## WORK INSTRUCTIONS
Report, as a number alone, how many lines below contain the string "kitchen".

## PROVIDED RECORDS
┄┄┄┄┄┄┄┄┄┄

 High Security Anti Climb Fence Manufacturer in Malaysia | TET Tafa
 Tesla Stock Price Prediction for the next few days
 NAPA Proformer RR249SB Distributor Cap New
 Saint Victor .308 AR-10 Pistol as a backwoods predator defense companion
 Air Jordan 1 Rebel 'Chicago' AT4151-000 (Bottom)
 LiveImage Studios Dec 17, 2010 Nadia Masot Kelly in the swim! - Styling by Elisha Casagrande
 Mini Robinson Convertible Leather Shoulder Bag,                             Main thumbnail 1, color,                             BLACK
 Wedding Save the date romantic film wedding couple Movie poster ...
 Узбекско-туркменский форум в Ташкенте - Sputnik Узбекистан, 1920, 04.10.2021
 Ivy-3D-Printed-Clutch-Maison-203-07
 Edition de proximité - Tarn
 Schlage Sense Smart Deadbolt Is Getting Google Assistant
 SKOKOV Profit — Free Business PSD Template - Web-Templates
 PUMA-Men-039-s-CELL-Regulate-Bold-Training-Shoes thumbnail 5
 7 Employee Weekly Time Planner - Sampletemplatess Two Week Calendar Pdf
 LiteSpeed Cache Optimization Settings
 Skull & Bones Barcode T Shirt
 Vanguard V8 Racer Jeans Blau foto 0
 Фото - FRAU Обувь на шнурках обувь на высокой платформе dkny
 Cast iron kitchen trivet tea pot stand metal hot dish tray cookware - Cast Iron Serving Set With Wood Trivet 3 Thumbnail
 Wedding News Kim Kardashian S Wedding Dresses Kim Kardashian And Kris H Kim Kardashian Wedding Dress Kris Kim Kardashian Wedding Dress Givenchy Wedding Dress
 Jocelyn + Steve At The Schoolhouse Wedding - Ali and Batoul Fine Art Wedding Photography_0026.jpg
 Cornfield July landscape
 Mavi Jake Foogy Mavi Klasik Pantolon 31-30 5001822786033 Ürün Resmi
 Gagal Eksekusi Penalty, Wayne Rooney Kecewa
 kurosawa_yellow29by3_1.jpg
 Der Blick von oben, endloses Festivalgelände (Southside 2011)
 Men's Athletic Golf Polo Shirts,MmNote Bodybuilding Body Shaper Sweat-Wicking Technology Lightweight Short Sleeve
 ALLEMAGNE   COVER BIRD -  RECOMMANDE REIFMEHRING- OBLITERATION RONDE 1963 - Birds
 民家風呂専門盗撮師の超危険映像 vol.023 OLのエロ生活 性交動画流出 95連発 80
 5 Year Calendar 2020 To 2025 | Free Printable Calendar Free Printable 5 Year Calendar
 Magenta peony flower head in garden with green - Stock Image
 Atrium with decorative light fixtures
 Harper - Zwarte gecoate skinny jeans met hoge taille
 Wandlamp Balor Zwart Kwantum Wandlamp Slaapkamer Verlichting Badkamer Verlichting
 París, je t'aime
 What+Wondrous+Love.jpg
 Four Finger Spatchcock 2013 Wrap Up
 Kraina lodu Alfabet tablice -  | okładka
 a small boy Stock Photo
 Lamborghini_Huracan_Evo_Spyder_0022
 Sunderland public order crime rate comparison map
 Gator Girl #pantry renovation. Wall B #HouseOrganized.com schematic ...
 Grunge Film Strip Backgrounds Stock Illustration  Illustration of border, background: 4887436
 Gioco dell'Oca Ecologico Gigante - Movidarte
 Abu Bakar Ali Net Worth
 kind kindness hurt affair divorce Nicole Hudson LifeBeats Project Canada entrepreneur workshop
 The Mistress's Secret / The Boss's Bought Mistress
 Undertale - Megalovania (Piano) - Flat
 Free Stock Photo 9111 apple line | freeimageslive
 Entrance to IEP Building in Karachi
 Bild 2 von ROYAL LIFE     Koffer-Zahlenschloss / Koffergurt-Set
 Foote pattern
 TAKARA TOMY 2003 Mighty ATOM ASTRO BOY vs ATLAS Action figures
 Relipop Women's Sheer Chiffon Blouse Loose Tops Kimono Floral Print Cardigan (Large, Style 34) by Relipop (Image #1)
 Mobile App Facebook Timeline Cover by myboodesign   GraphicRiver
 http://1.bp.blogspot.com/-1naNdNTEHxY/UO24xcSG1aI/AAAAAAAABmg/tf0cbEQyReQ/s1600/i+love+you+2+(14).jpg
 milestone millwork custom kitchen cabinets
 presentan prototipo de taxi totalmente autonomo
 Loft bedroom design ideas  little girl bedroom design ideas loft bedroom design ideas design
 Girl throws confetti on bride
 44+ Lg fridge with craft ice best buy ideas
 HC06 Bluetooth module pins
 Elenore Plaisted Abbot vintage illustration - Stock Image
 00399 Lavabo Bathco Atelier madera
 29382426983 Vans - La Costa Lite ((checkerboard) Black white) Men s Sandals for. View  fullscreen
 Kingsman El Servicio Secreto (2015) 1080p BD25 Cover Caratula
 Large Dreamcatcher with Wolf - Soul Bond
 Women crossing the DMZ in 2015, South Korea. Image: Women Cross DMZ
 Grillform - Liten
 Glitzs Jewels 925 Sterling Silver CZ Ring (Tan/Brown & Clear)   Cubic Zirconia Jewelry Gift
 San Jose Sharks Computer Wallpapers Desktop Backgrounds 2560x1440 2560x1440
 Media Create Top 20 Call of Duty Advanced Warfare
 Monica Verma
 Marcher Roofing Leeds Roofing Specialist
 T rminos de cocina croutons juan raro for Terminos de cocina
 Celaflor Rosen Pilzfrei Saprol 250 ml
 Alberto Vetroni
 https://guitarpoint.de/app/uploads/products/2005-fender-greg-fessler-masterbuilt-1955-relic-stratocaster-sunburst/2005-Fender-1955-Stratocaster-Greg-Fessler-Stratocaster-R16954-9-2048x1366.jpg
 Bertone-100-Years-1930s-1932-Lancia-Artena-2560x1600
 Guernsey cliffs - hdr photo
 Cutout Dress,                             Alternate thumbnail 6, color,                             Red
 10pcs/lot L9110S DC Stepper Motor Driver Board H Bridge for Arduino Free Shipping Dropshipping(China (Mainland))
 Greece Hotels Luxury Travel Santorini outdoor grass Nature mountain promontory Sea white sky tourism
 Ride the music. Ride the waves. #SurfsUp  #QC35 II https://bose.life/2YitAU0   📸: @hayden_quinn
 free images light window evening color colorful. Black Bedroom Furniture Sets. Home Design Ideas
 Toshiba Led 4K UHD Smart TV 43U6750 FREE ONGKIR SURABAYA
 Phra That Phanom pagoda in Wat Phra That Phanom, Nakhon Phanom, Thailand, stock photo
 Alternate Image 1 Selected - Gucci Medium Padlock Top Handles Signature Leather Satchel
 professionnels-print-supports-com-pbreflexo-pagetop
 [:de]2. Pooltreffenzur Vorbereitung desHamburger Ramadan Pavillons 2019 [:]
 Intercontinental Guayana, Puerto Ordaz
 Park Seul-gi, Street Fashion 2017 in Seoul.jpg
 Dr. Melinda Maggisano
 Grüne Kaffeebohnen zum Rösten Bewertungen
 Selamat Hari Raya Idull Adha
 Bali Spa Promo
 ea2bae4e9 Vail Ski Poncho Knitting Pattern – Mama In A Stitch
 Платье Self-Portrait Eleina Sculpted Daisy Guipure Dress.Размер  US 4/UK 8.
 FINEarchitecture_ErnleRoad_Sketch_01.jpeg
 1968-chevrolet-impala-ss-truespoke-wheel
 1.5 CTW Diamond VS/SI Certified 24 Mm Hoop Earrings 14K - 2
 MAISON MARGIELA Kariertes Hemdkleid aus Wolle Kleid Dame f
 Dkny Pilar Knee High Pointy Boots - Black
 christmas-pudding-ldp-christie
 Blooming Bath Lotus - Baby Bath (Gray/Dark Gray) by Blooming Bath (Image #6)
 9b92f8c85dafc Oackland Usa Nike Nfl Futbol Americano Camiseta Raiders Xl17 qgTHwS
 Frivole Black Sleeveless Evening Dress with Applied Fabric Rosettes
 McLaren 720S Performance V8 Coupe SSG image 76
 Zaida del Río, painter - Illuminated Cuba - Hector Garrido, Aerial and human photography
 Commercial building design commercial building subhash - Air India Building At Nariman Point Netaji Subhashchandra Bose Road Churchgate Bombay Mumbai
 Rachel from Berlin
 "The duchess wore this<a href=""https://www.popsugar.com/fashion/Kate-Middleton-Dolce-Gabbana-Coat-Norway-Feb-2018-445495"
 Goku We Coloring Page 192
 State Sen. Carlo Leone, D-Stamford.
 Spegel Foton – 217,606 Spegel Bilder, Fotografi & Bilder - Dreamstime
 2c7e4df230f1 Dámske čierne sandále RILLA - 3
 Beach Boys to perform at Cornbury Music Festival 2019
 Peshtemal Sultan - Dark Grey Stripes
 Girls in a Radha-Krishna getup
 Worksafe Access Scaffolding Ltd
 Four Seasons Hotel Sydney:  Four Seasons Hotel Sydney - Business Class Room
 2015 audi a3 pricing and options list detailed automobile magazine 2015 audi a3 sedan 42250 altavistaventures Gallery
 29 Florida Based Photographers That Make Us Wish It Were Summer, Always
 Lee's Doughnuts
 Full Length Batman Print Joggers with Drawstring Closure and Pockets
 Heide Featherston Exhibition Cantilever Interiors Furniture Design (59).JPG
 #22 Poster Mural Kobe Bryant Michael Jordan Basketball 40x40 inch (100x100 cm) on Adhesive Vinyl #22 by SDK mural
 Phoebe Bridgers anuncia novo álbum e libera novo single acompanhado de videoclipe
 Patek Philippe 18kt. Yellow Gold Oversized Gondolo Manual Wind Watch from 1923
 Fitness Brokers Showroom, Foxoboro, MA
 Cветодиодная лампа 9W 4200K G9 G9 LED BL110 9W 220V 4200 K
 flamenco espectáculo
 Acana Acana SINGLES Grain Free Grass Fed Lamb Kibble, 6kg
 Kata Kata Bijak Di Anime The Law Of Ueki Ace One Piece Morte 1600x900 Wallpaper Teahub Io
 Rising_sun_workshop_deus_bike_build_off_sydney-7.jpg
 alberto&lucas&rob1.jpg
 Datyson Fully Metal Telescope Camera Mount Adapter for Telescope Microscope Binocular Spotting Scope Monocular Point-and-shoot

┄┄┄┄┄┄┄┄┄┄

## THE ANSWER
2